L’islam - lo afferma un manuale pubblicato dai «moderati» musulmani britannici - è una religione in cui si entra (o meglio si ritorna, perché tutti gli uomini nascono musulmani ancorché l'educazione che ricevono possa sviarli da questa comune origine) ma da dove non si esce. Musulmano una volta, musulmano per sempre. Non esistono per l'islam ex-musulmani; esistono apostati, diversamente trattati secondo le scuole giuridiche ma per cui la maggioranza dei giuristi musulmani prevede la pena di morte. Alcuni Paesi, è vero, l’hanno formalmente abolita: così il Marocco con il re Hassan II, che volle offrirne l'eliminazione dal diritto marocchino all'amico Giovanni Paolo II. Ma anche quest'abolizione non è totale, perché garantisce all'apostata solo che sfuggirà all'arresto e al tribunale. Ma, secondo i dottori della legge più rigoristi, qualunque musulmano può giustiziare l'apostata: se è un membro della sua famiglia si tratta di un dovere, e per chiunque è comunque un'azione lodevole che fa acquistare meriti spirituali. Accade così che, nei Paesi dove l'apostata non è più arrestato e trascinato davanti ai tribunali, sia semplicemente scannato in famiglia o per strada. Chi lo fa commette un reato: ma con poche eccezioni - fra cui quella recente della Turchia - la legge dei Paesi musulmani contempla il «delitto d'onore», per cui non solo il padre che uccide chi ha disonorato la figlia ma anche il credente che uccide chi ha tradito la religione apostatando riceve dai giudici pene mitissime.

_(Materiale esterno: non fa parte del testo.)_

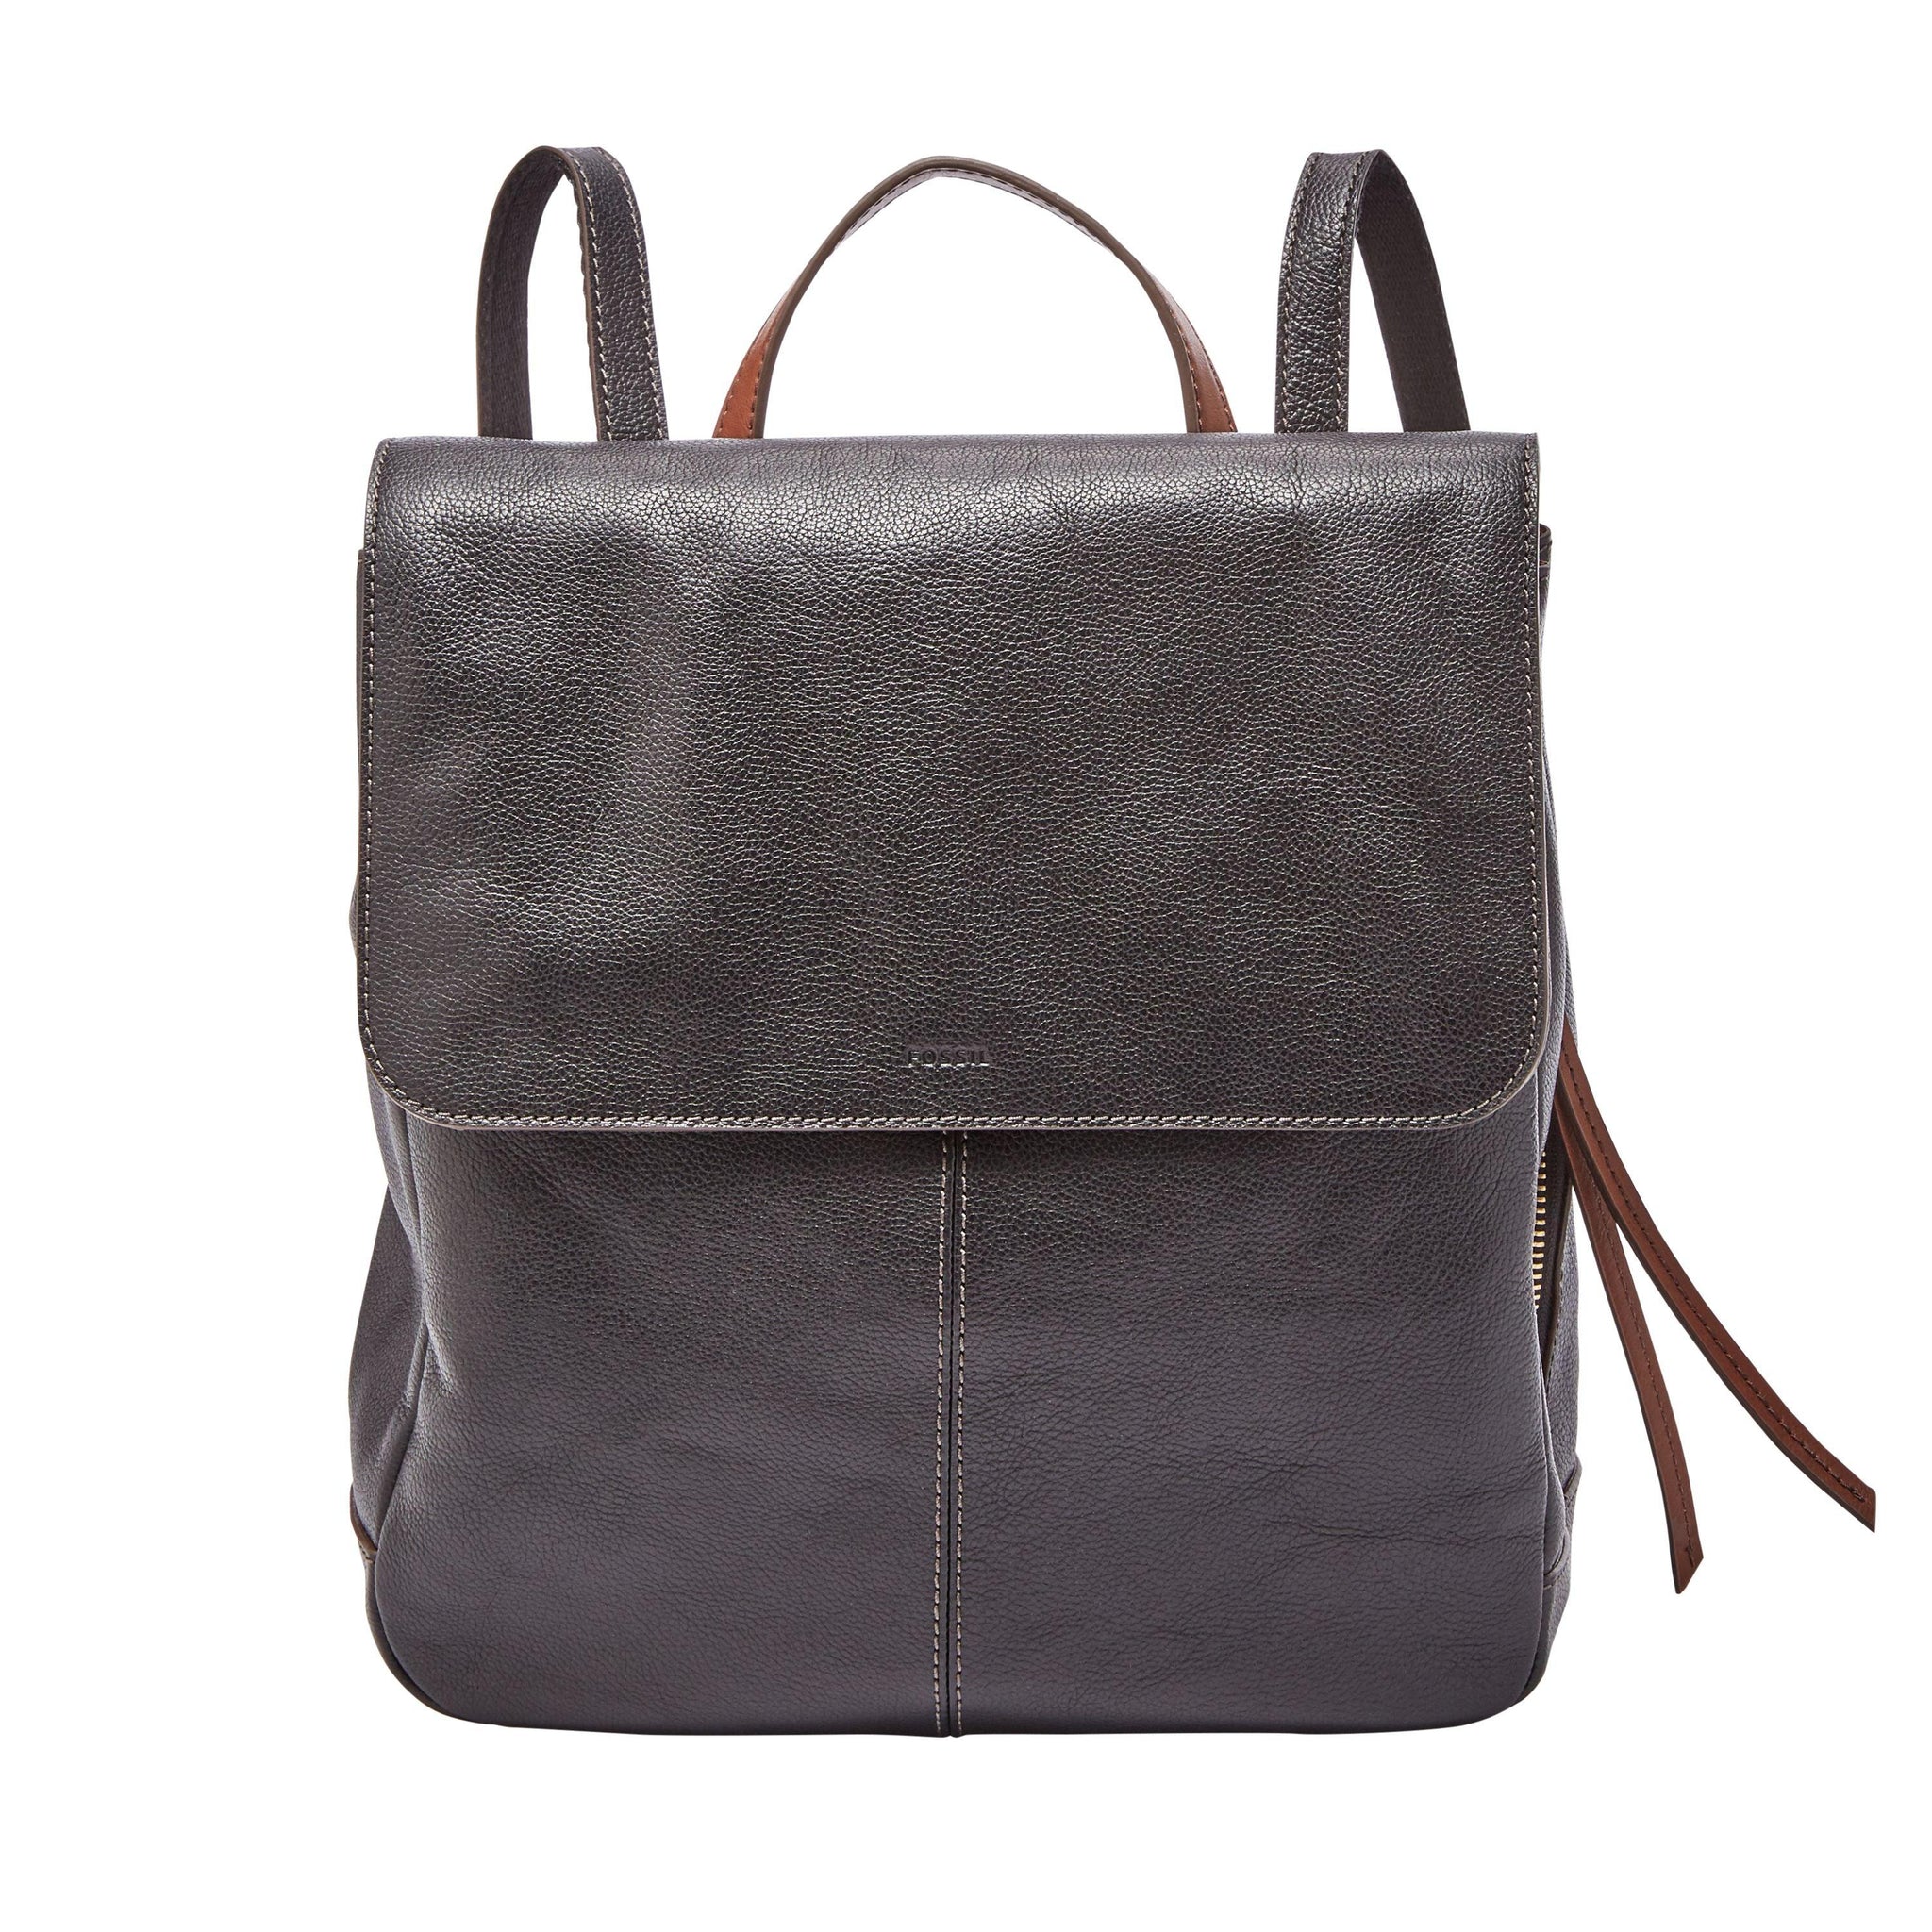 Fossil Women's Claire Leather Backpack - CADEAUME

Il fatto che dall'islam non si possa uscire non è una semplice caratteristica curiosa ed esotica di una religione fra le altre. La pena di morte inflitta all'apostata conferma che - nella sua configurazione attuale maggioritaria in molti Paesi - quella islamica è una fede che ha consapevolmente e orgogliosamente divorziato dalla ragione, e priva il suo fedele del diritto di vagliarne con il ragionamento i precetti, il che comporterebbe logicamente la possibilità di mutare parere, convincersi che non sono veri o che altri - per esempio quelli cristiani - sono migliori, e cambiare religione. Il Papa aveva ragione. Una religione simile, sempre nella sua versione rigorosa che domina però vaste regioni ed è più diffusa di quanto si creda anche nell'immigrazione, è molto difficile da assimilare e far convivere con i valori costituzionali delle democrazie occidentali.

Questo dovrebbe rendere cauti i fautori delle rapide concessioni di cittadinanza e delle facili costruzioni di moschee, che quasi sempre non sono semplici ruoli di culto ma centri dove si rende una giustizia parallela e si organizza una politica che questo islam non distingue dalla religione.